» Task details:
All of the data below should be printed again exactly, pictures excluded.

=-=-=

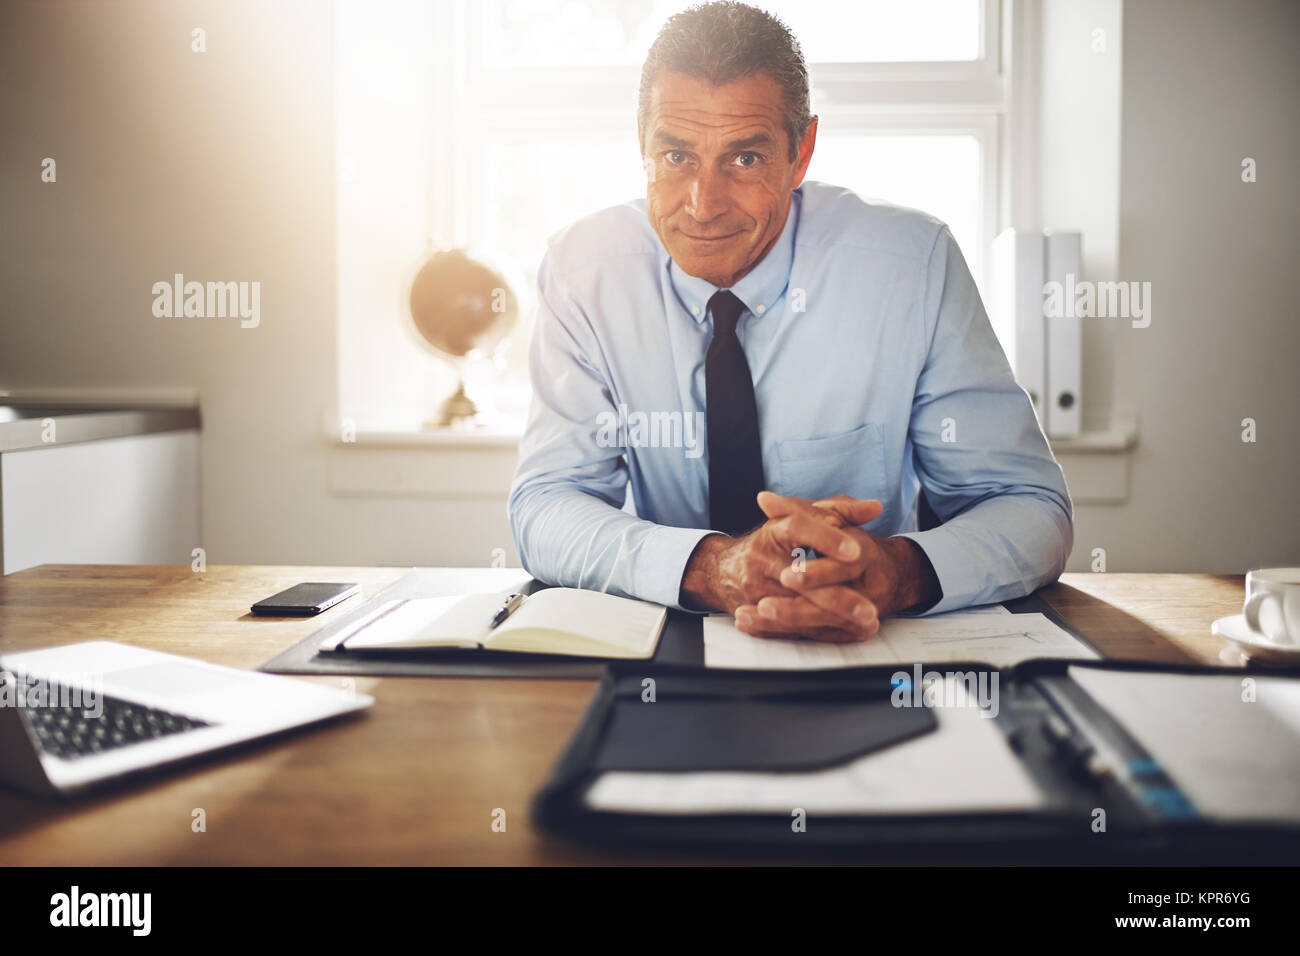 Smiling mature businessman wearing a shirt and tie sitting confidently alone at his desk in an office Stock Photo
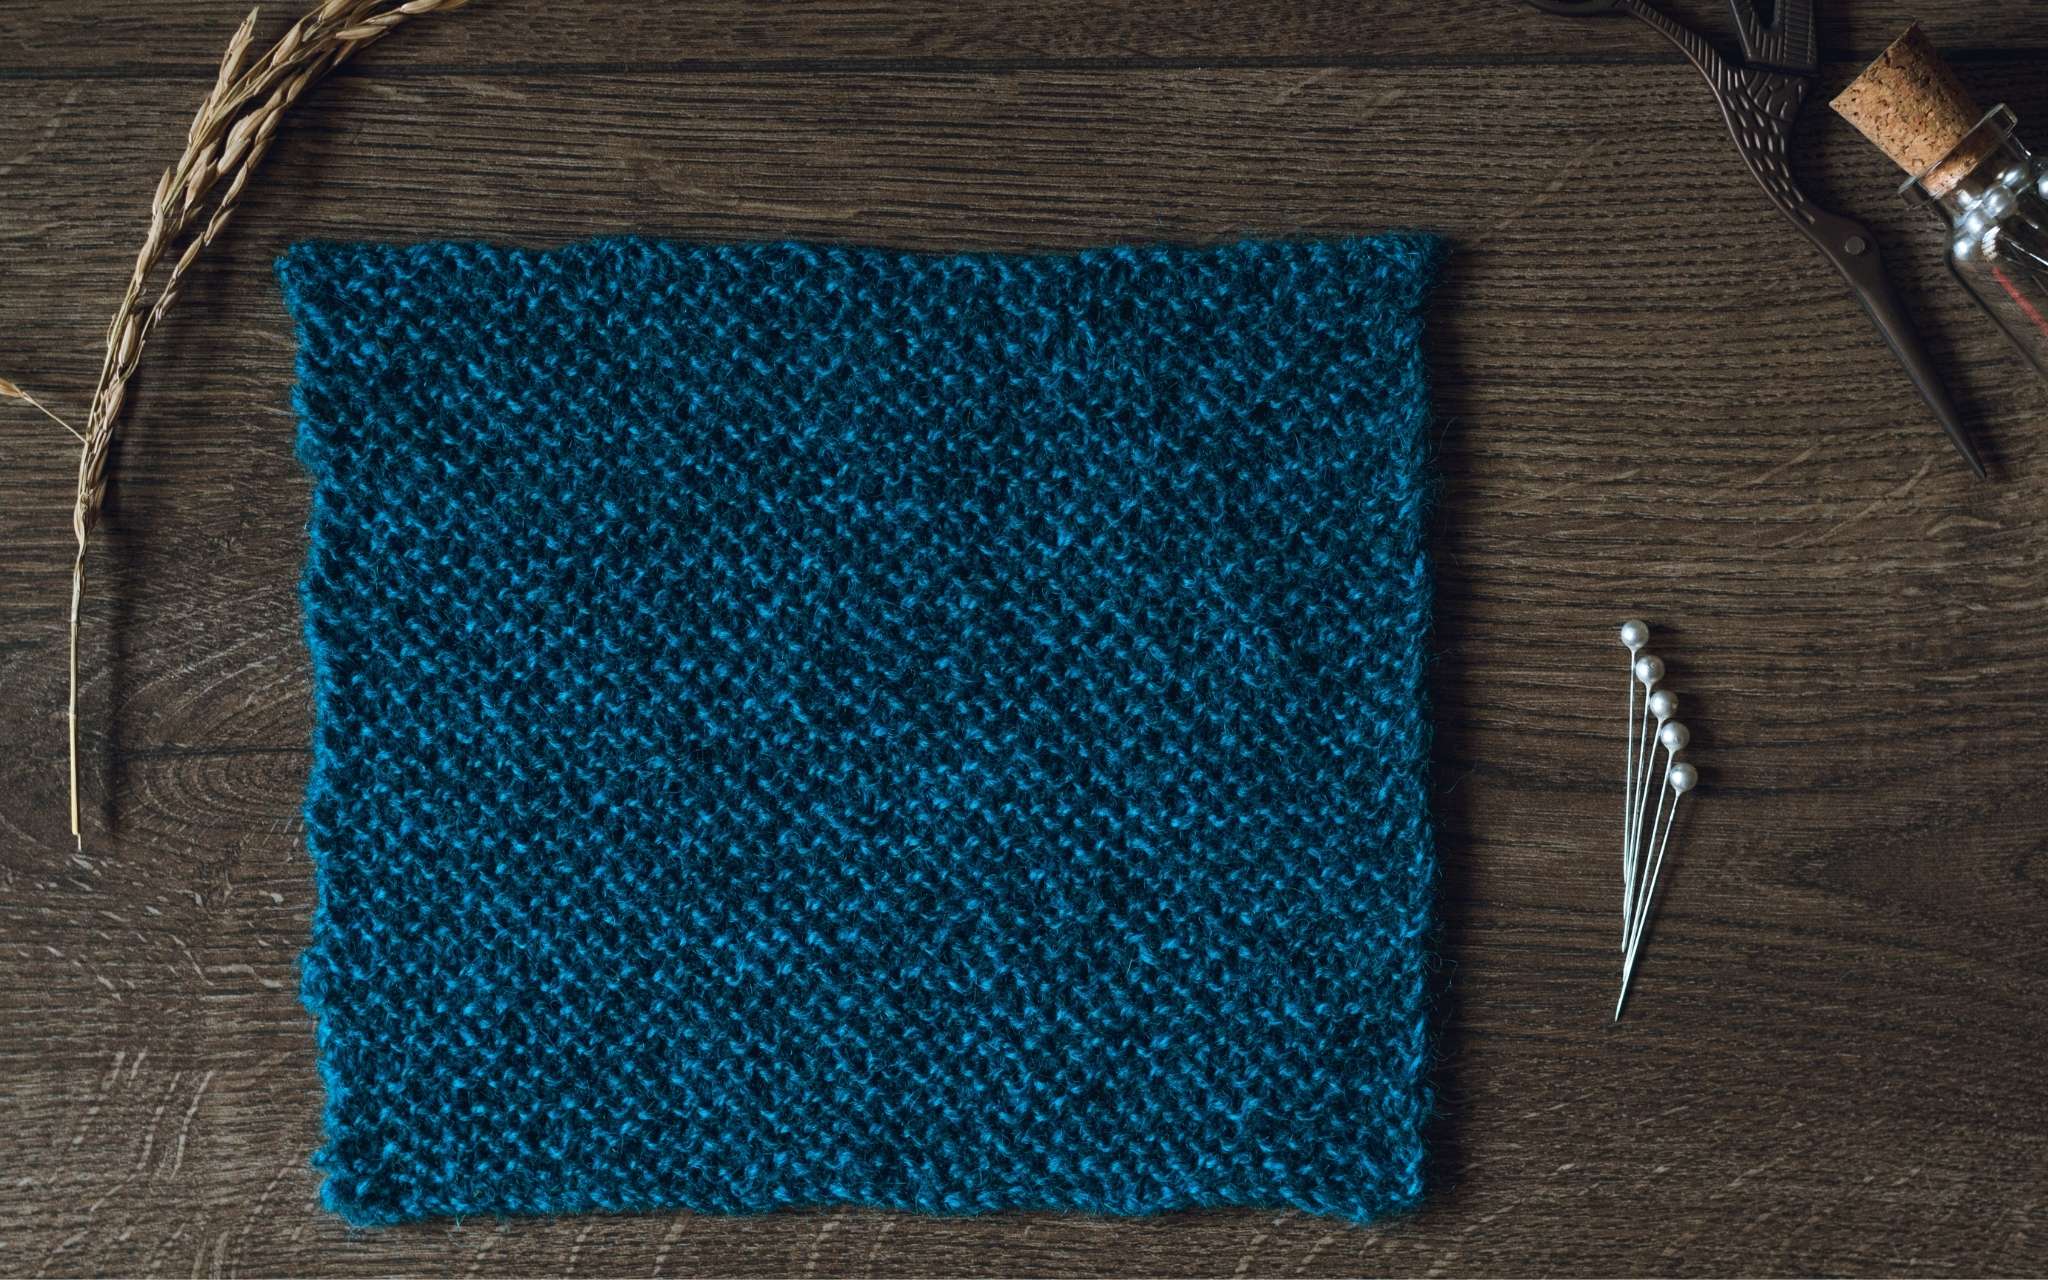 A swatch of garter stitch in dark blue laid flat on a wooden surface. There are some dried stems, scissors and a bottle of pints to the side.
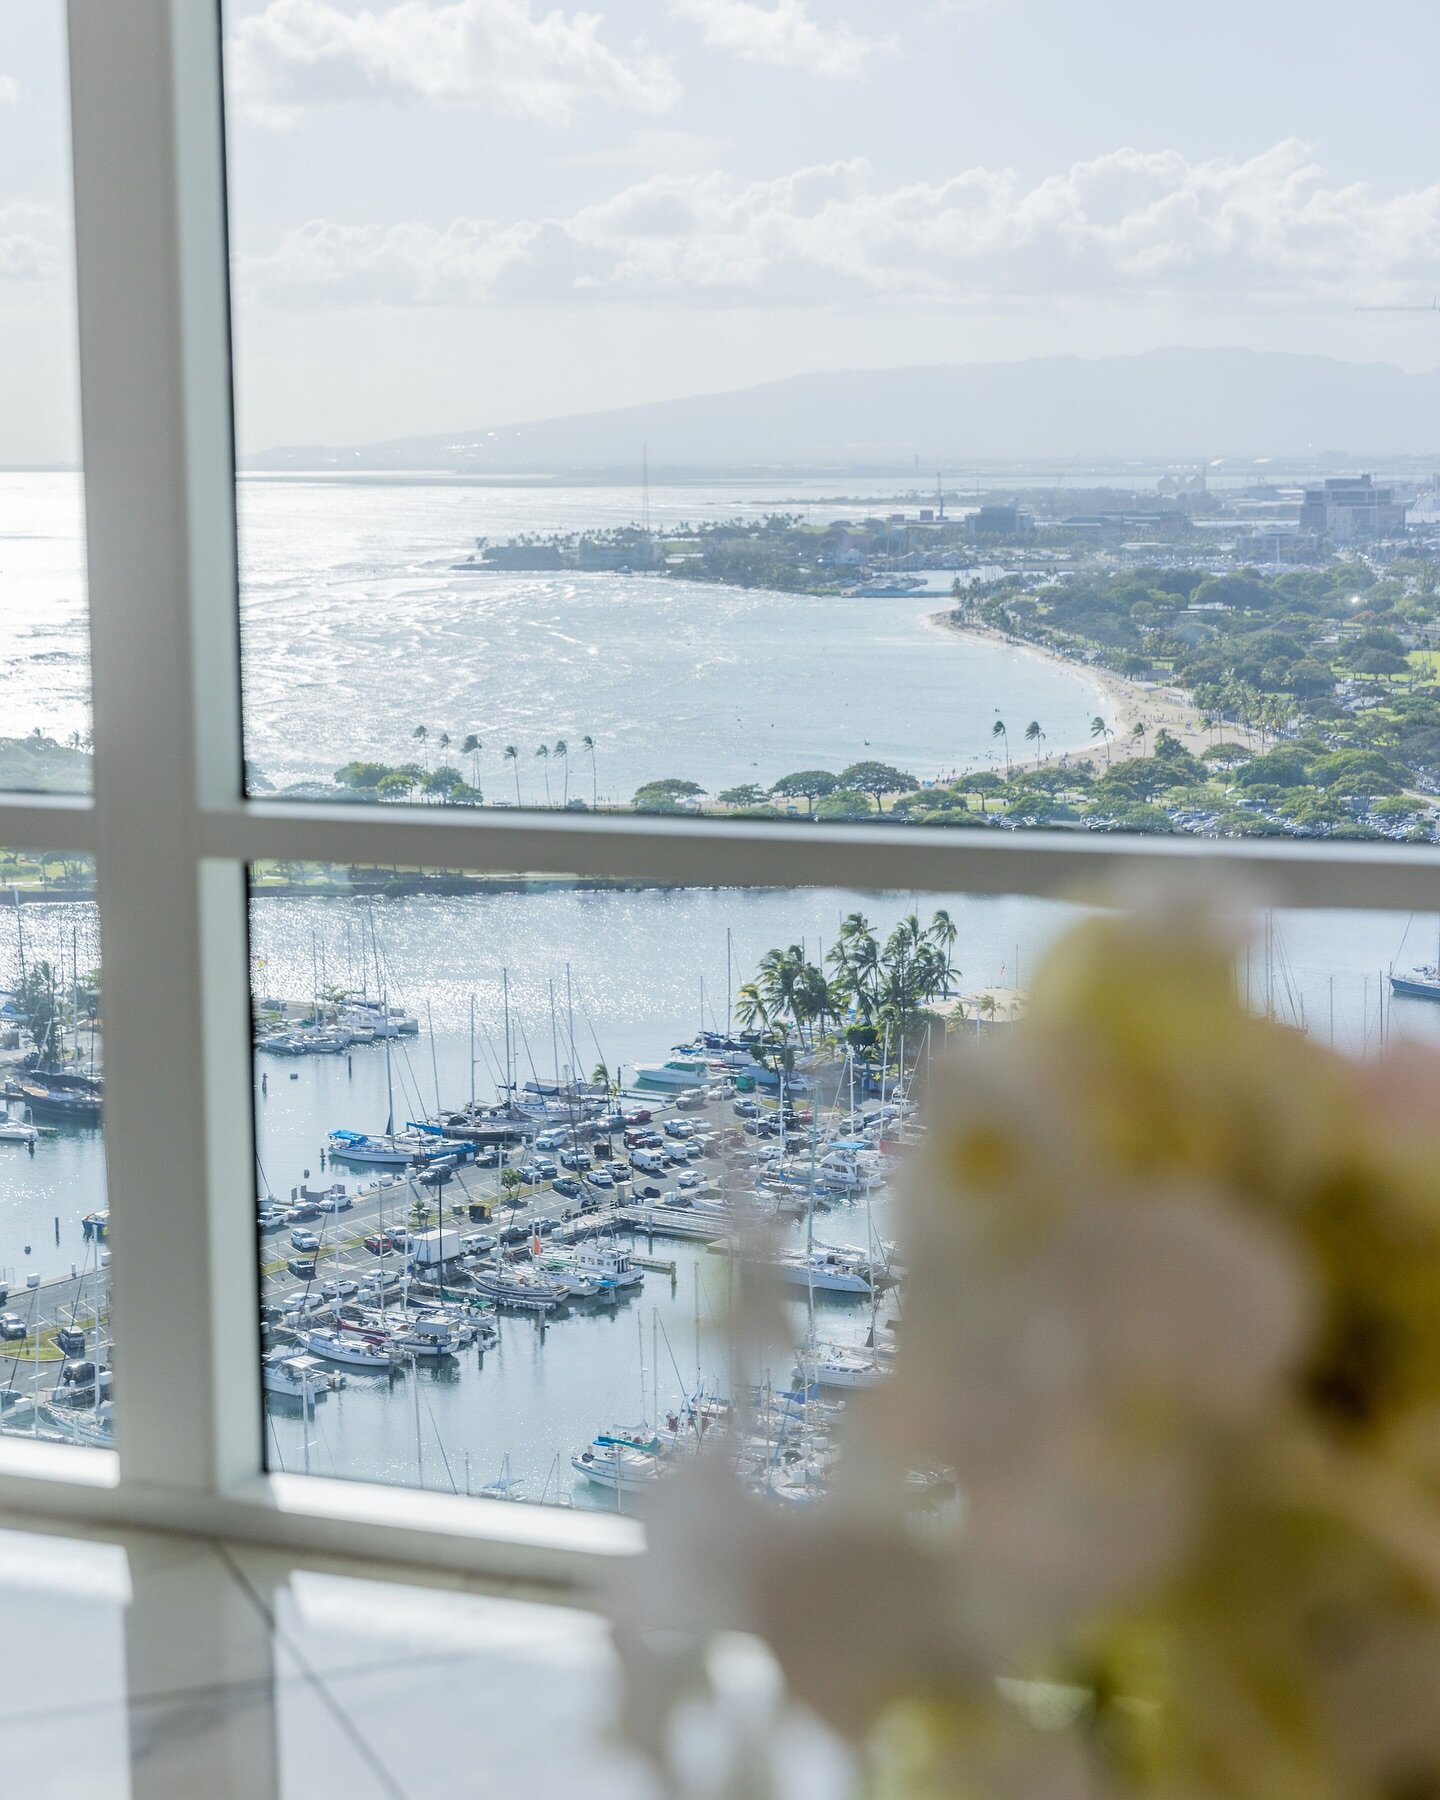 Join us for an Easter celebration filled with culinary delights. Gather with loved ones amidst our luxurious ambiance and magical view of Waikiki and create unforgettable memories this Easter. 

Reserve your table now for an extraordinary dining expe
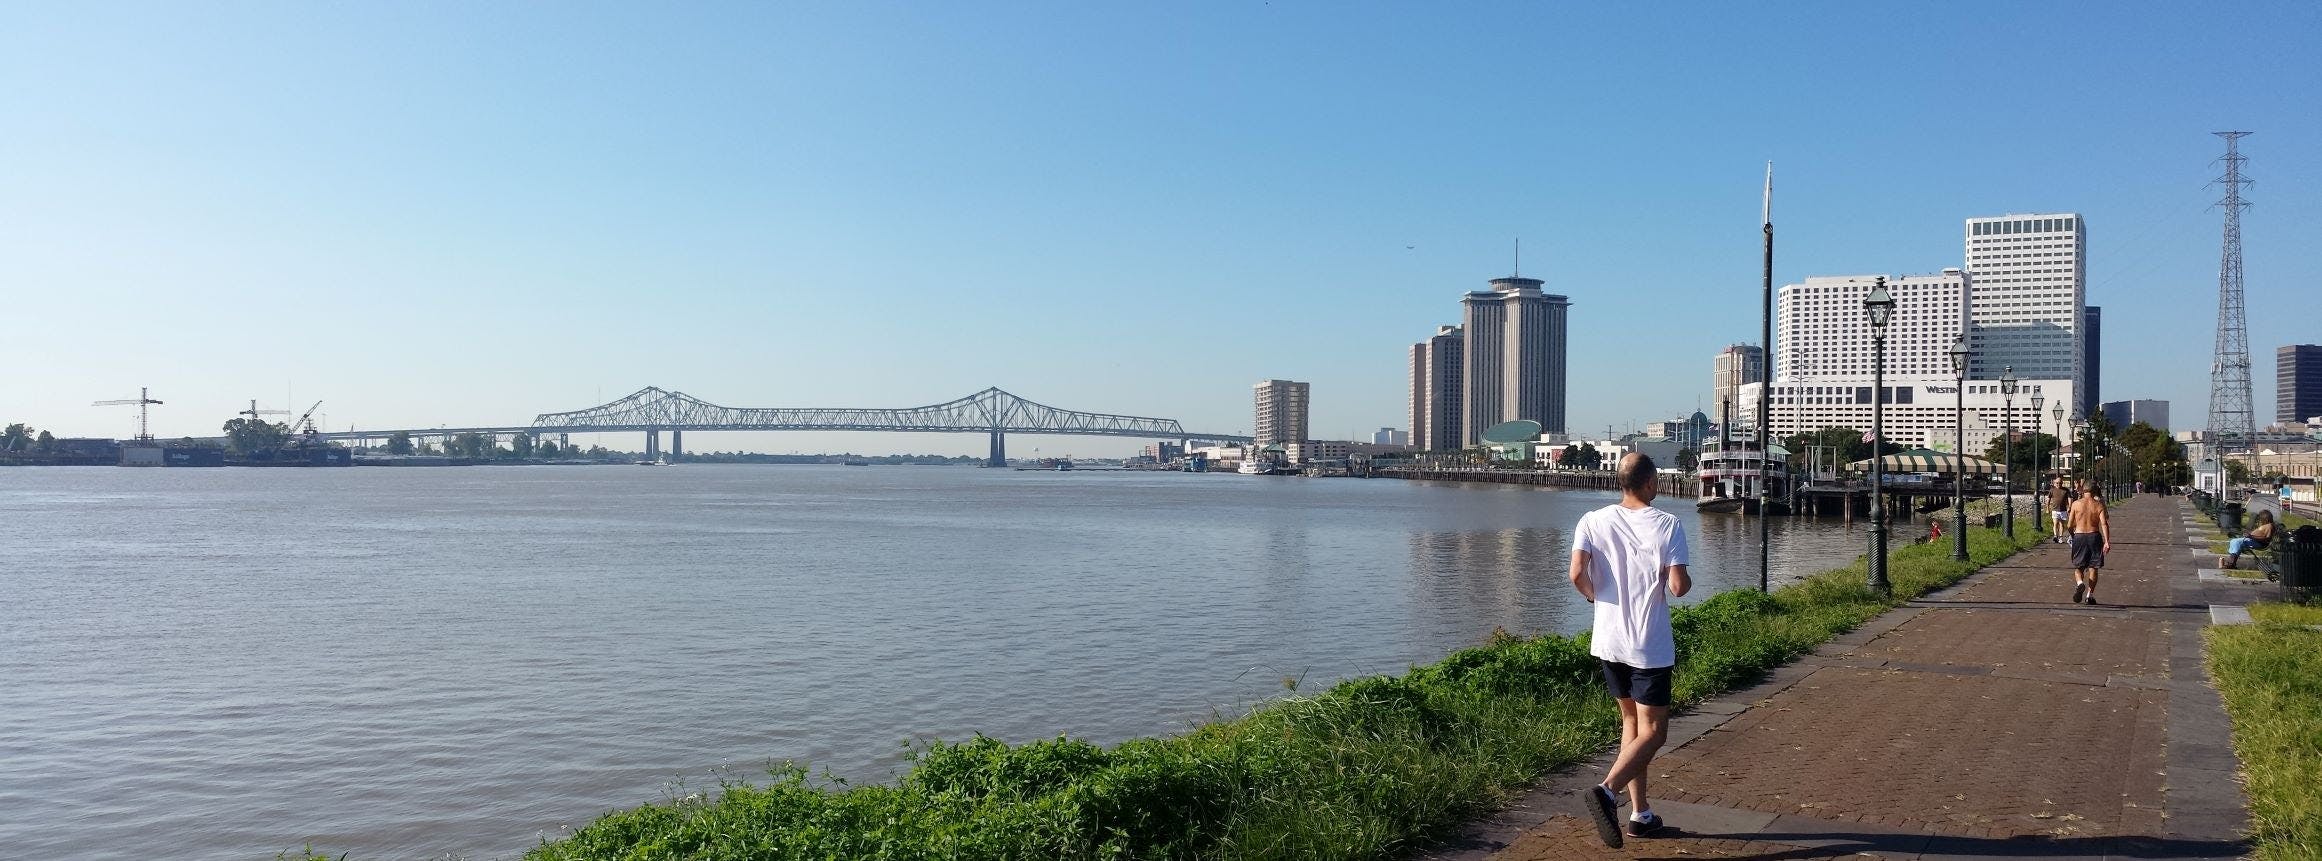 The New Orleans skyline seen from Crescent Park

=-=-=

» Written answer:
 Smiling mature businessman wearing a shirt and tie sitting confidently alone at his desk in an office Stock Photo
 A swatch of garter stitch in dark blue laid flat on a wooden surface. There are some dried stems, scissors and a bottle of pints to the side.
 Join us for an Easter celebration filled with culinary delights. Gather with loved ones amidst our luxurious ambiance and magical view of Waikiki and create unforgettable memories this Easter. 

Reserve your table now for an extraordinary dining expe
 The New Orleans skyline seen from Crescent Park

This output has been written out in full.